Both Michael Martin and Eamon Ryan served as cabinet ministers under Haughey’s protégé Bertie Aherne, and it is this association that Martin is trying so earnestly to expunge. Recent opinion polls suggest he needn’t bother. For most voters his party is a dead brand associated with a hopelessly backward political system they’d rather forget. Worse, his waning popularity within the party might suggest that his attempts to cleanse its image might actually be alienating what’s left of his base.

While the challenges of the pandemic are unprecedented, the faces of Martin, Varadkar and Ryan are all too familiar to Irish society. Their coalition already lacked a firm mandate in February, while fiascos like the renewed lockdown in the midlands will only weaken their popularity with an increasingly impatient population. As our economic problems become more pronounced, the emergent class and generational divide now evident in Ireland will surely deepen.

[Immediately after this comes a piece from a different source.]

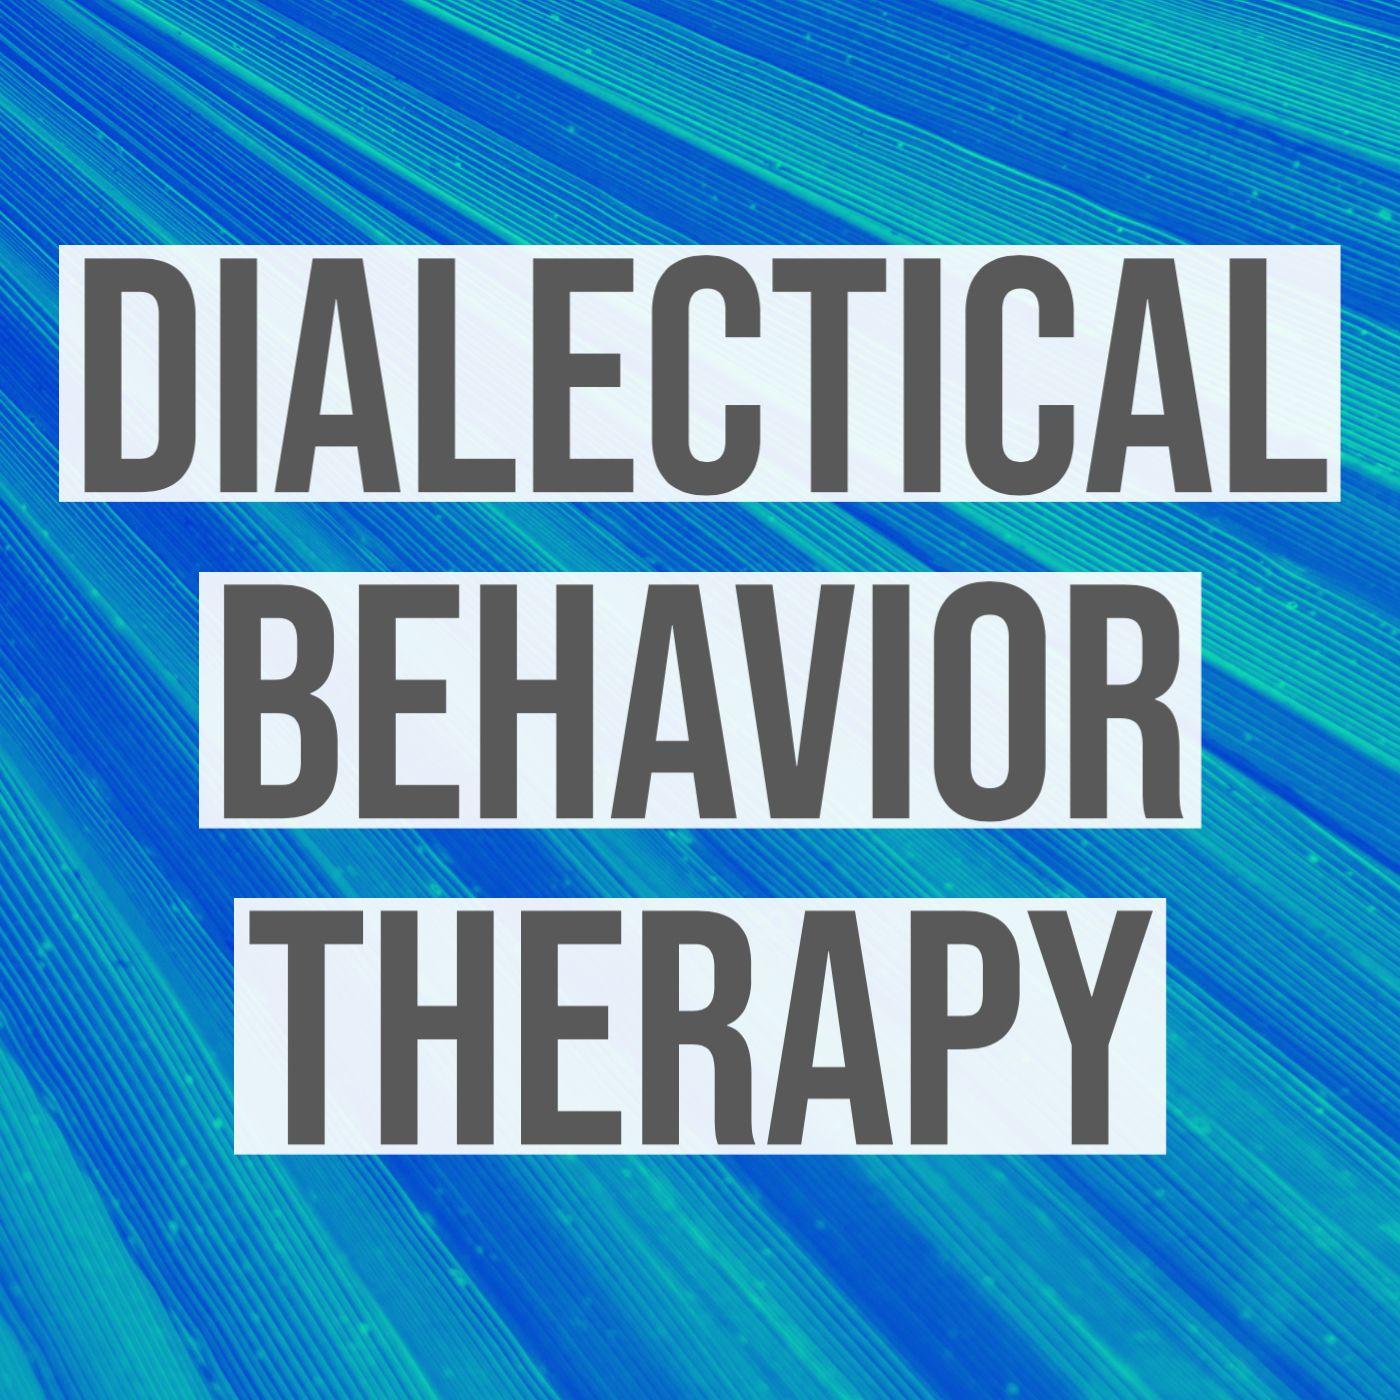 Dialectical Behavior Therapy (DBT) Technique (2019 Rerun)

It is on this fertile ground that parties like Sinn Fein, Labour and the Social Democrats will continue to grow.

The tough choices faced by the government would challenge any administration. But even greater than the health and fiscal challenges is the existential crisis Varadkar and Martin know they must now contend with. The longer they work together, the more it will become obvious that their party’s differences were based in feudal allegiances more so than policy. Their difficulty therefore is to convince a young, politically savvy electorate that their newfound alliance is anything other than a final, desperate attempt to avoid the break-up of a political monopoly. A century since the civil war, they will continue to tell us that their union is a selfless act to ensure stability, like dysfunctional parents getting back together for the good of children. Unfortunately for them, Ireland is growing up and wants nothing to do with their toxic relationship.